WORK ITEM:
Write out the listing below in full and exactly, leaving out every picture.

GIVEN MATERIAL:
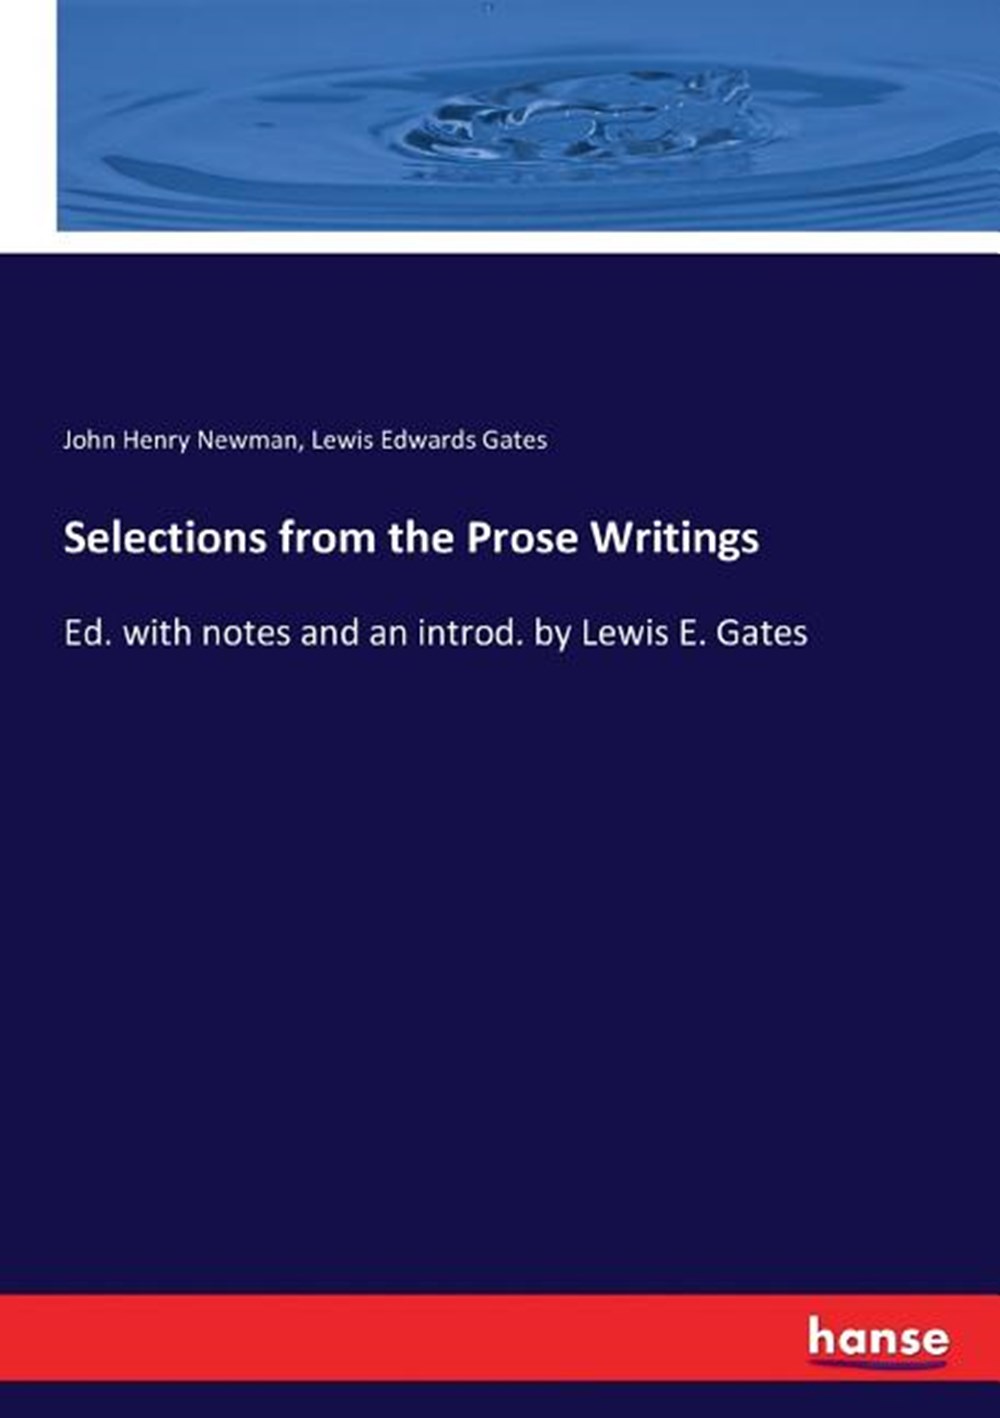 Selections from the Prose Writings: Ed. with notes and an introd. by Lewis E. Gates
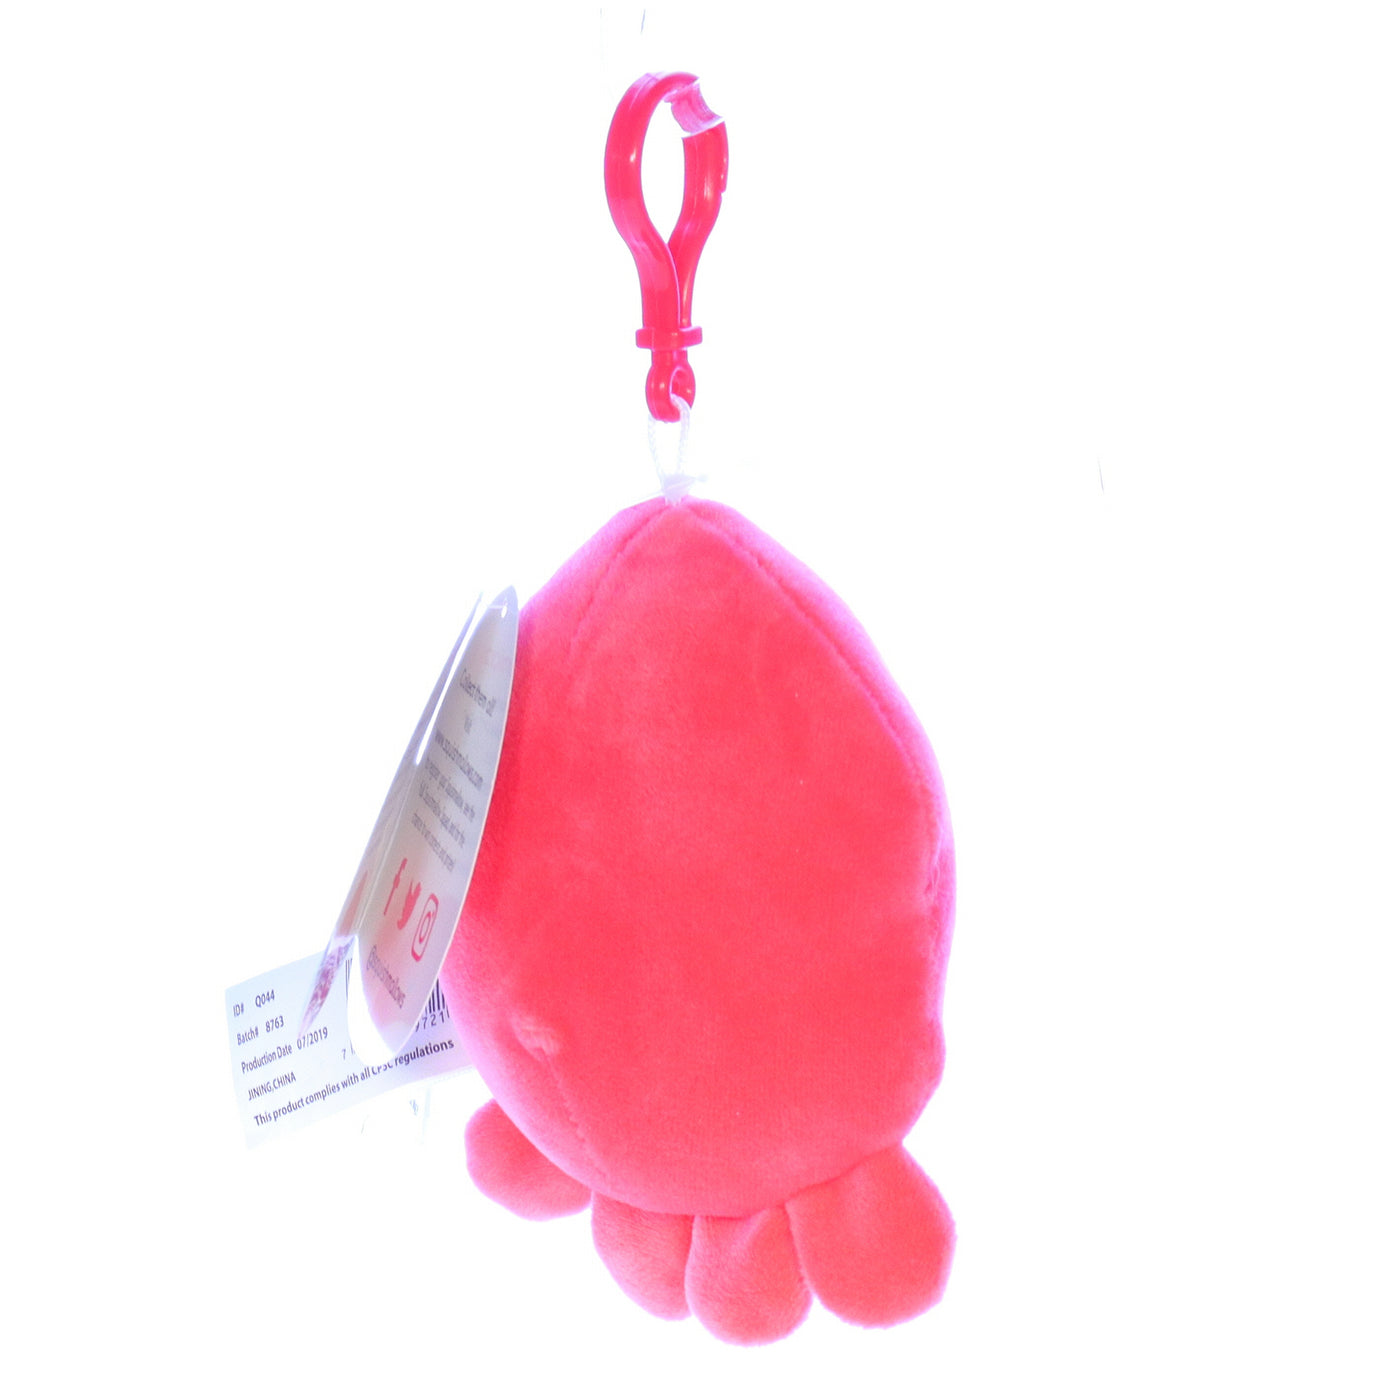 Squishmallows_Q044_Veronica_Keychain_Octopus_Stuffed_Animal_2019 Back Right View
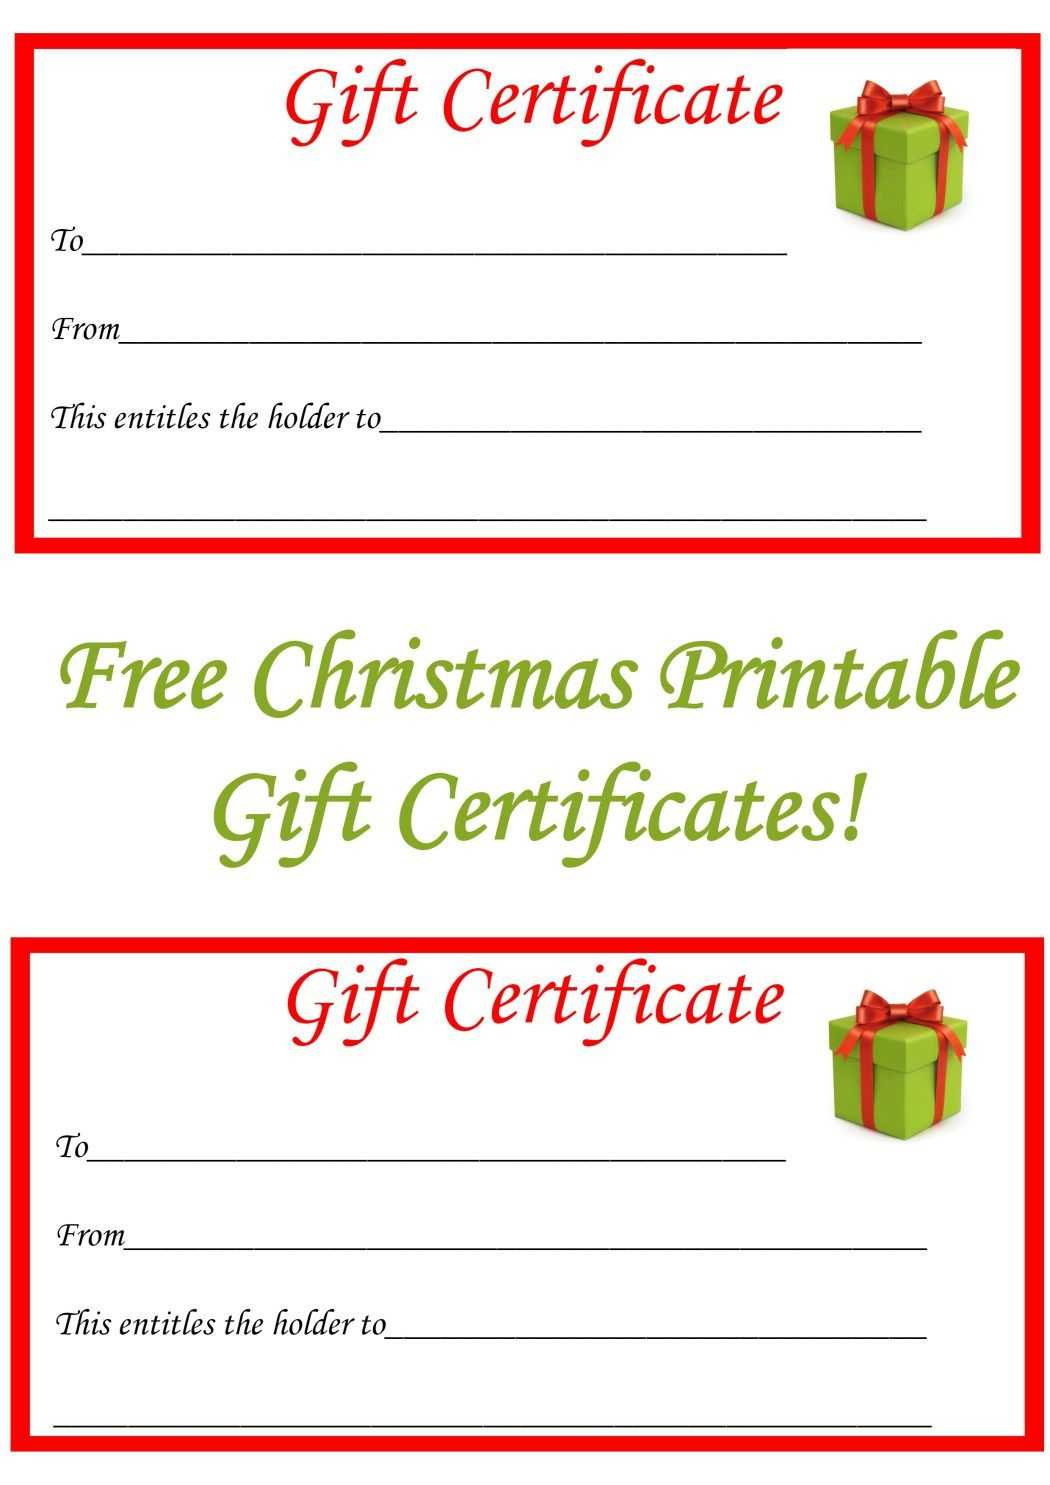 010 Template Ideas Blank Gift Astounding Certificate Intended For Christmas Gift Certificate Template Free Download

SOLVED EXERCISE:
 Selections from the Prose Writings: Ed. with notes and an introd. by Lewis E. Gates
 Squishmallows_Q044_Veronica_Keychain_Octopus_Stuffed_Animal_2019 Back Right View
 010 Template Ideas Blank Gift Astounding Certificate Intended For Christmas Gift Certificate Template Free Download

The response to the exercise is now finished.